John ainda observava embasbacado à cena. O maior pegador da cidade estava namorando outro homem. Mais ainda... Ele estava namorando com o médico, aparentemente completamente apaixonado por ele e isso provava que Sam realmente sempre foi apenas um amigo. Bem, John teria mais uma coisa pela qual pedir desculpas ao loiro depois. Mas, lá no fundo, também sabia que, mesmo ciente de que Damien estava completamente em outra, continuaria tendo aquele ciumezinho besta ao ver Sam falando com o ruivo. Porém, não demonstraria porque o loirinho ficaria magoado.
— Então, eu sei que é difícil continuar depois dessa bomba surpresa, mas ainda temos algumas cestas...
E o leilão foi retomado. As cestas seguintes foram leiloadas com os valores normais e, aos poucos, as pessoas foram esquecendo, ou melhor, deixando pra comentar depois, sobre o beijo de cinema que presenciaram naquele palco.
— Agora a última cesta. É a minha. Não posso garantir que está boa, mas eu me esforcei. – John deu um sorriso amarelo enquanto erguia a cestinha.
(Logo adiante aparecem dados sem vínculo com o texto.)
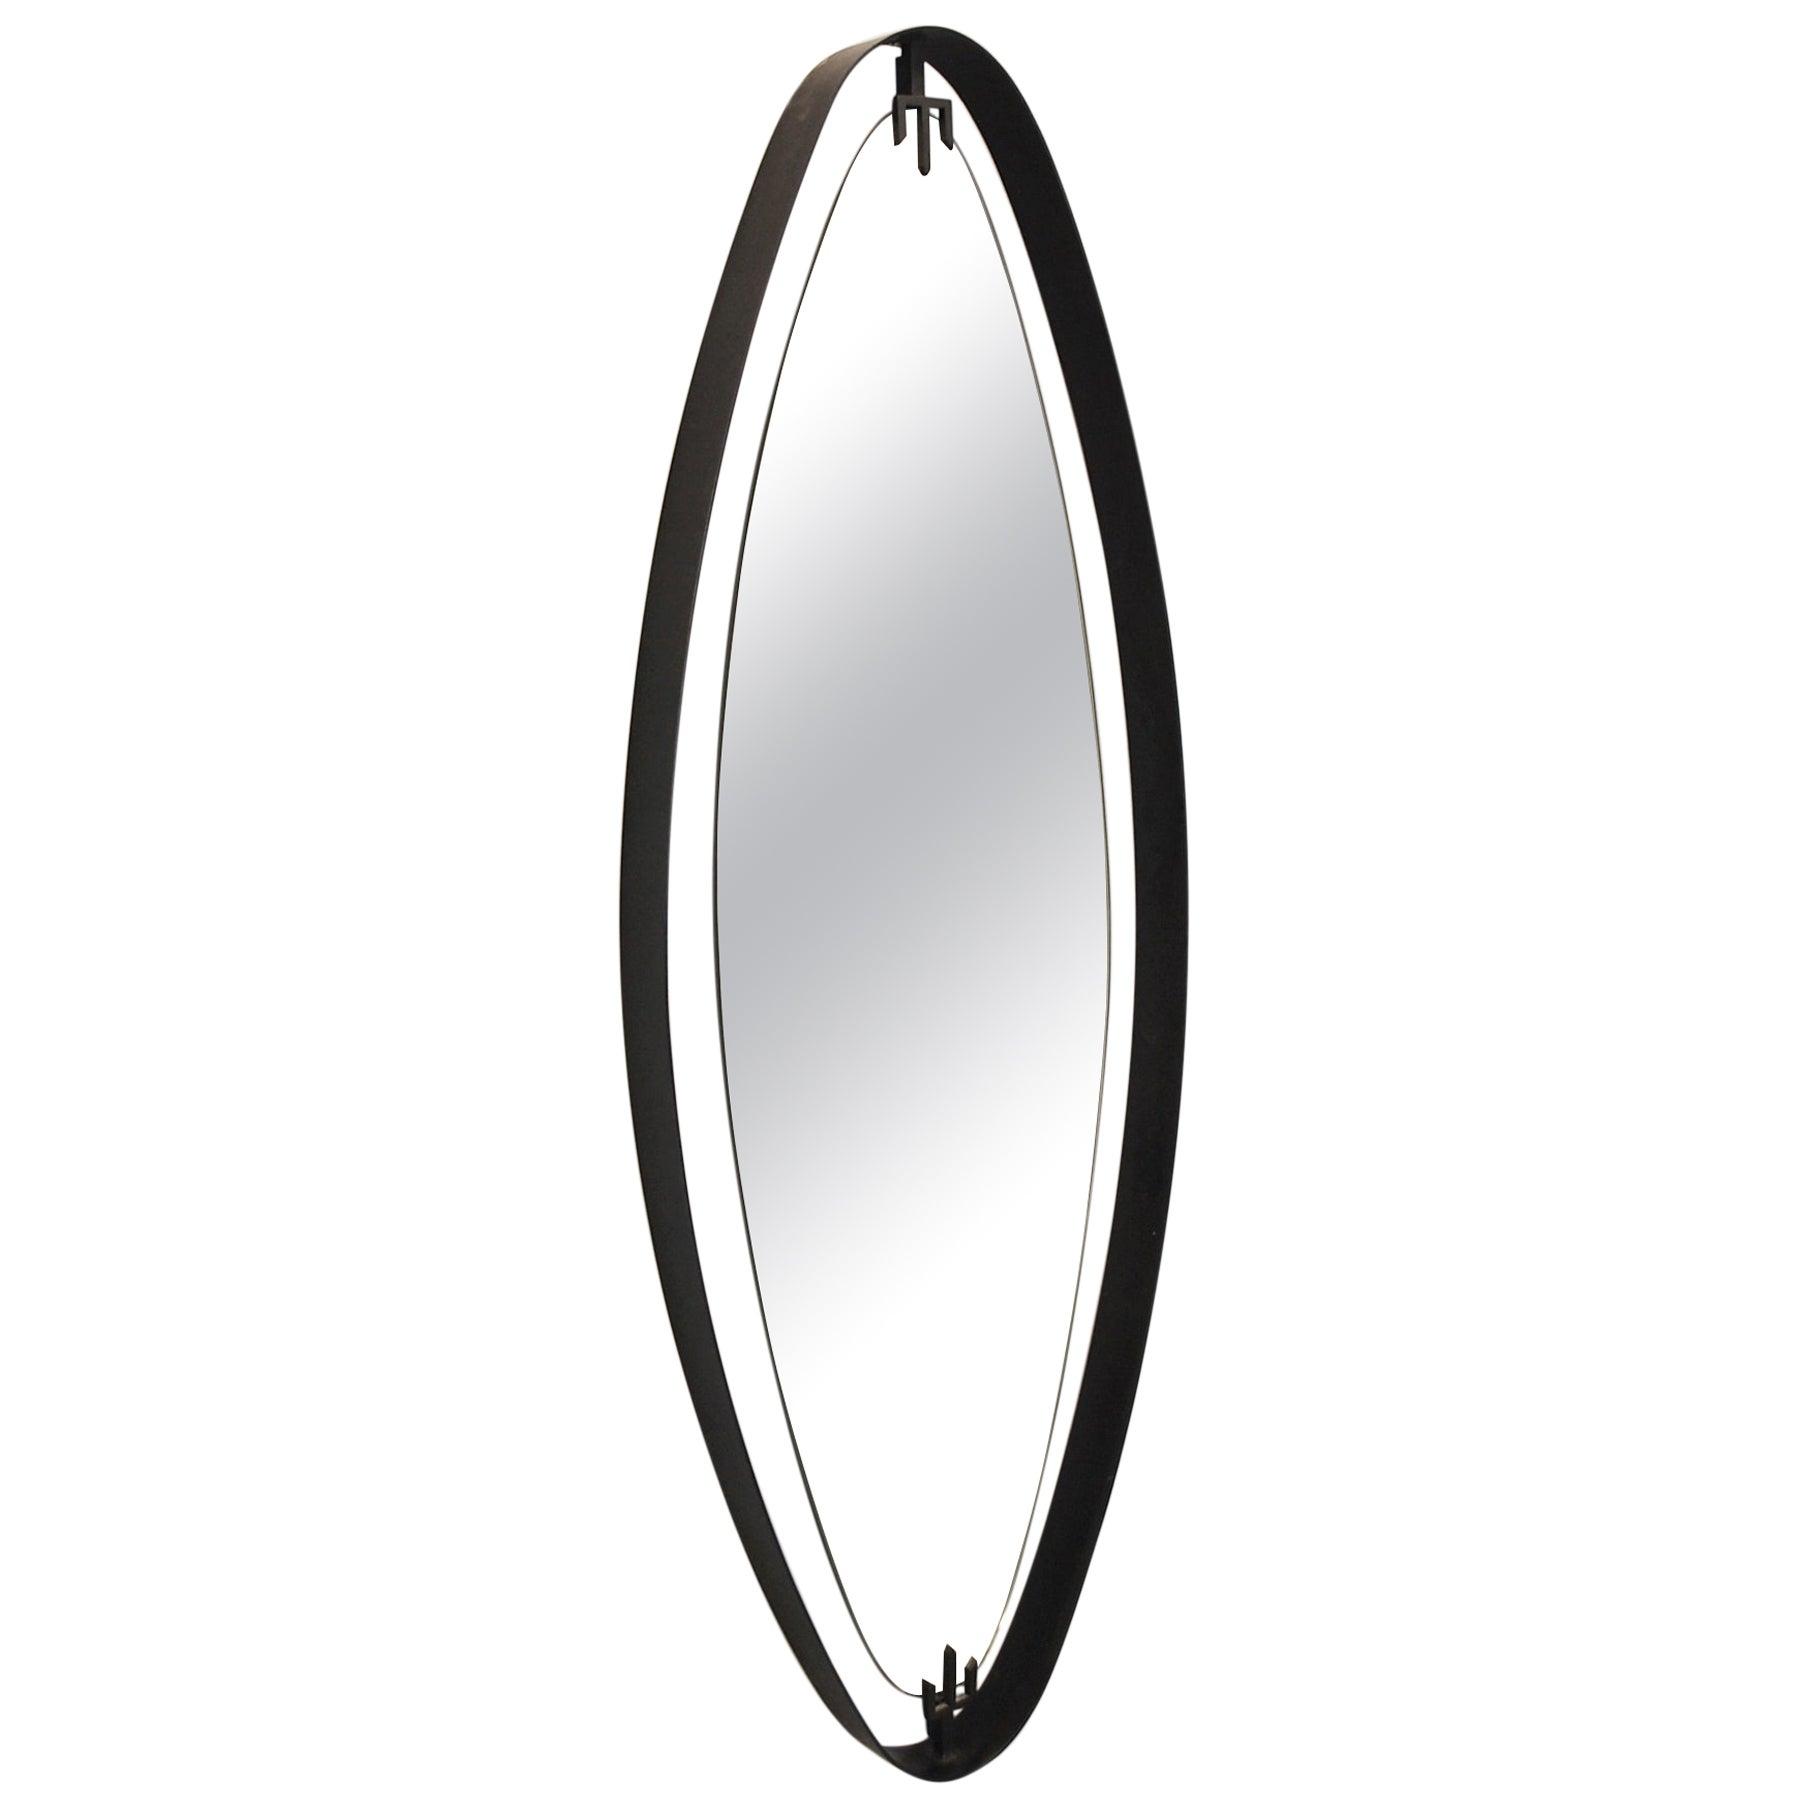 Oval Mirror in Iron by Sant'Ambrogio y de Berti, Italy, 1950s

Ele não estava esperando conseguir muito por ela. Desde o fim de seu casamento ele havia se isolado e se concentrado unicamente em seu trabalho, nos filhos e, em segredo, em Sam. E Sam certamente continuaria fingindo que os dois não tinham nada já que não queria que a mãe soubesse do namoro dos dois. Era um pouco dolorido ter visto Damien e Taylor deixarem o palco de mãos dadas (como John gostaria de fazer com Sam), dando um tapa na cara de todos os preconceituosos da cidade... Bem, um tapa que teria sido dado em John também se tivesse acontecido alguns meses antes.
Sam primeiro observou, mas, conforme os lances subiam perigosamente, ele ficou irritado. John podia achar que não, mas a mulherada solteira também tinha ele na lista dos “solteiros bonitões para casar”.
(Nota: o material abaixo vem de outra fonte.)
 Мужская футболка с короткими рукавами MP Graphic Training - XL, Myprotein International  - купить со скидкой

— 300 dólares! – Uma garota de uns 25 anos gritou, estendendo o braço. Era peituda e bonita. Sam fechou a cara.
— 350! – Lançou outra, um pouco mais velha.
— 400! – Uma das assistentes de Mirian no salão de beleza gritou.
Sam foi ficando com as orelhas vermelhas, principalmente ao notar a forma como John começou a parecer convencido por ter tantos lances. O loiro bem que tentou se controlar, ele resistiu bravamente, mas quando os lances pareceram parar em 800 dólares, por parte da garota de 25 anos que parecia nutrir alguma paixão platônica por John, Sam gritou antes que John fechasse a venda:
— Mil dólares!
É, aquele era o dia das surpresas em Canmore. Quase todo mundo sabia do preconceito de John quanto a homossexuais. O pai do moreno havia, digamos, deixado um legado, e John nunca o havia desfeito. Eram recorrentes as fofocas sobre as brigas e desavenças entre John e Sam também. Então, as pessoas pareceram muito mais chocadas com Sam avançando de muleta até o gazebo, do que com Devon, o ator famoso, comprando a cesta de um professor, ou Damien, o Don Juan, revelando-se gay (ou bi) depois de quebrar tantos corações femininos.
Quando Sam conseguiu subir no gazebo, ele sorriu e se atirou nos braços de John.